Local councils are to receive a £5m boost to their funding to help them tackle rogue landlords, Housing Minister Brandon Lewis announced last Friday.
The extra funding is to be divided among 48 councils to enable them to tackle those landlords who operate on the fringes of legality, providing accommodation which is squalid and dangerous.
In some locations hundreds of “beds in shed” type housing has been accumulating which councils need to target with sustained raids and inspections, and in the worst cases, demolish the offending buildings. In some authorities the councils has no idea of the make-up of housing in terms of the owner v renting sector, so increasing street surveys will be one of the vehicles by which this problem can be tackled.
The housing minister has been under pressure from landlord bodies and responsible landlords to do something about the rogues. The minister has emphasised the negative impact this type of housing is having on society: noise, poor sanitation, fire risks, and anti-social behaviour.
The new funding comes along with a host of new rules and regulations in the soon to be passed Housing and Planning Bill, which is designed to protect private tenants and route out the rogue landlords. One of the main measures will be the compilation of a database of those landlords and letting agents convicted of certain offences, along with banning orders for the most serious and prolific offenders.
Mr Lewis said:
“Many private rental tenants are happy with their home and the service they receive, but there are still rogue landlords that exploit vulnerable people and force their tenants to live in overcrowded and squalid accommodation.

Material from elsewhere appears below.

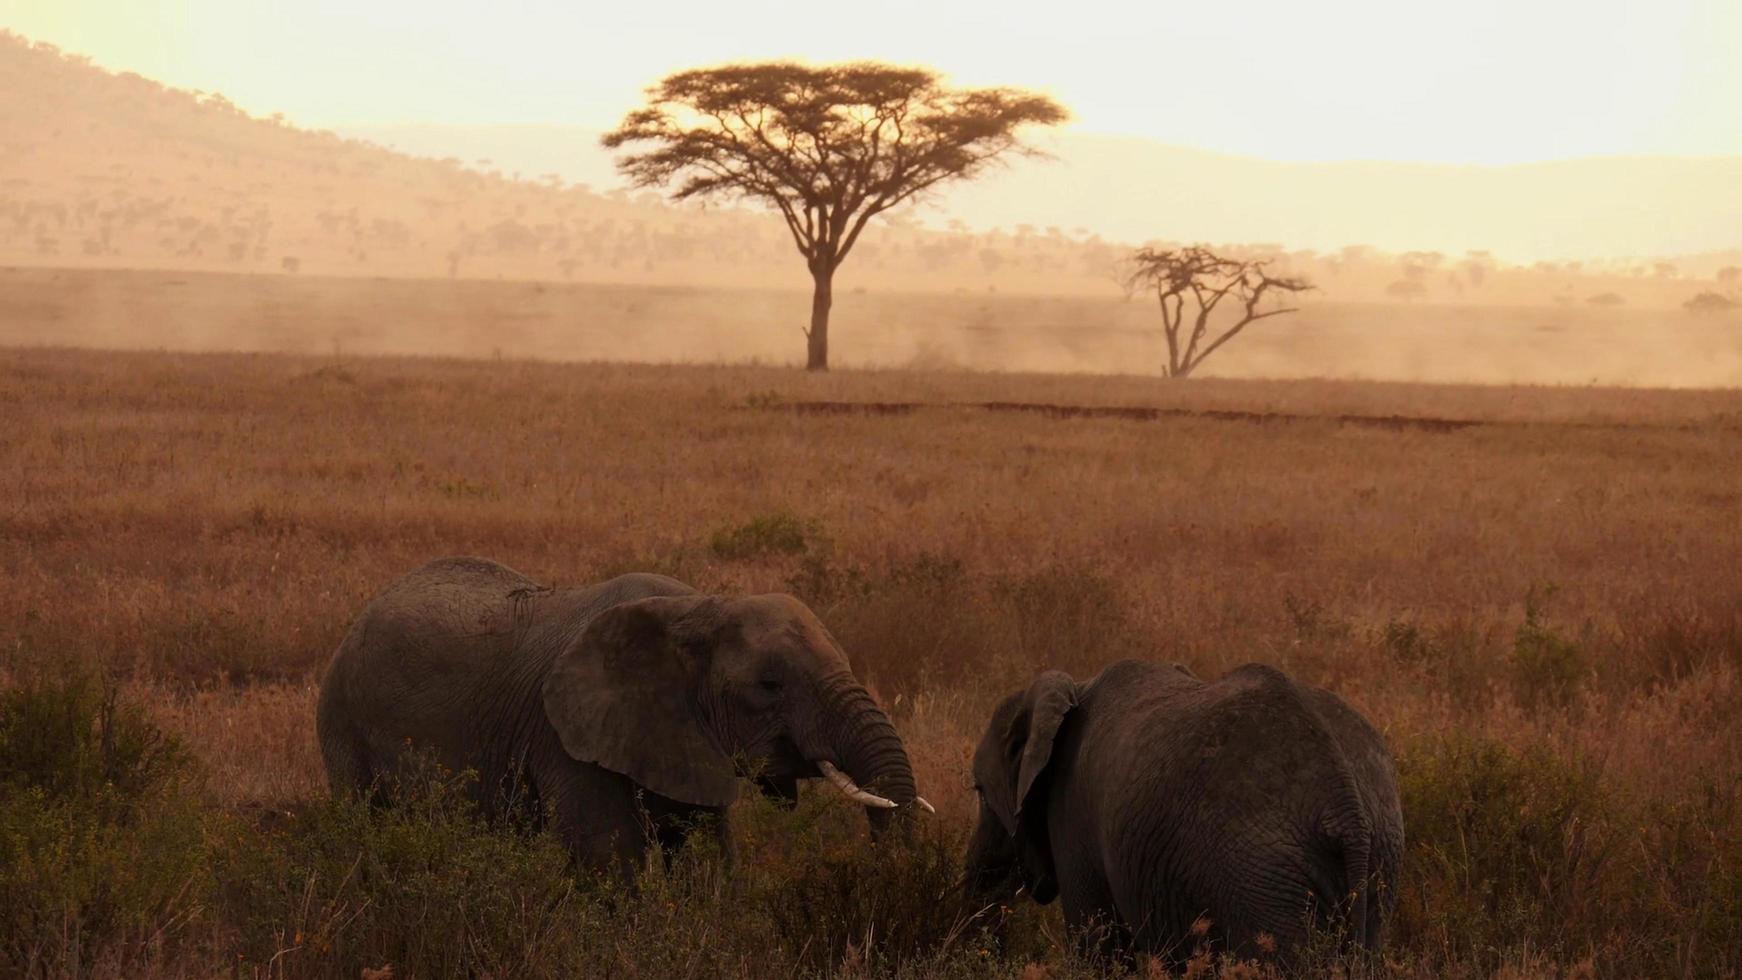 Mère éléphant d'Afrique avec un bébé éléphant mangeant la végétation de la savane africaine pendant le coucher du soleil photo
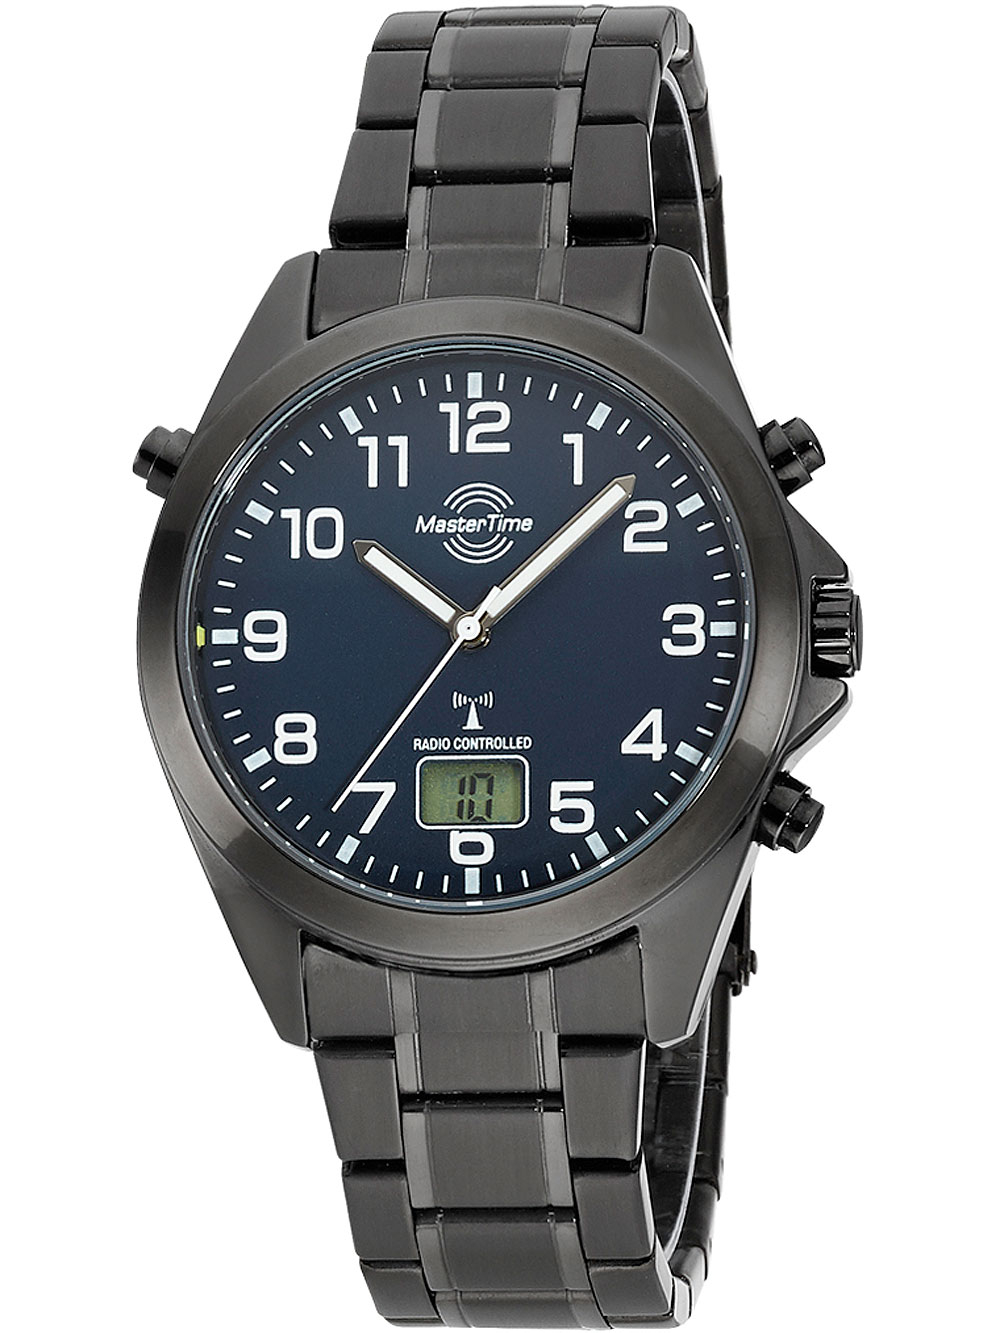 ROZETKA: часы закаленным Наручные Украине брендовые часы Master Time купить с отзывы, Киеве, в цены на стеклом в

“We are determined to tackle these rogues which is why we are providing 48 councils with extra funding, so they can get rid of the cowboy operators in their area and bring an end to tenants living in miserable homes in the name of profit.
“We also want to raise the quality and choice of rental accommodation across the sector. The funding will ensure tenants know what level of service they can expect and have confidence to get help and take action if things go wrong.”
Cllr Peter Box, Local Government Association Housing (LGA) spokesman, said of the initiative:
“Councils are at the forefront of tackling rogue landlords and the announcement of this funding will assist councils who have been increasingly affected by the growing problem, and will help towards bringing the system for prosecuting rogue landlords into the 21st century.
“The private rented sector is growing and, with limited resources and competing funding pressures, councils are working hard to ensure that rogue landlords are dealt with robustly and effectively. However, they are too often being hamstrung by an outdated system. It can take more than a year to prosecute a rogue operator and in many cases paltry fines are handed out to criminal landlords.
“Proposals in the Housing and Planning Bill for banning orders for the worst operators in the private rented sector will help councils tackle this issue, as will the flexibility to issue fines to private landlords as an alternative to prosecutions. We will be working with the Government to ensure measures in the Bill are properly resourced so councils can make full use of them.”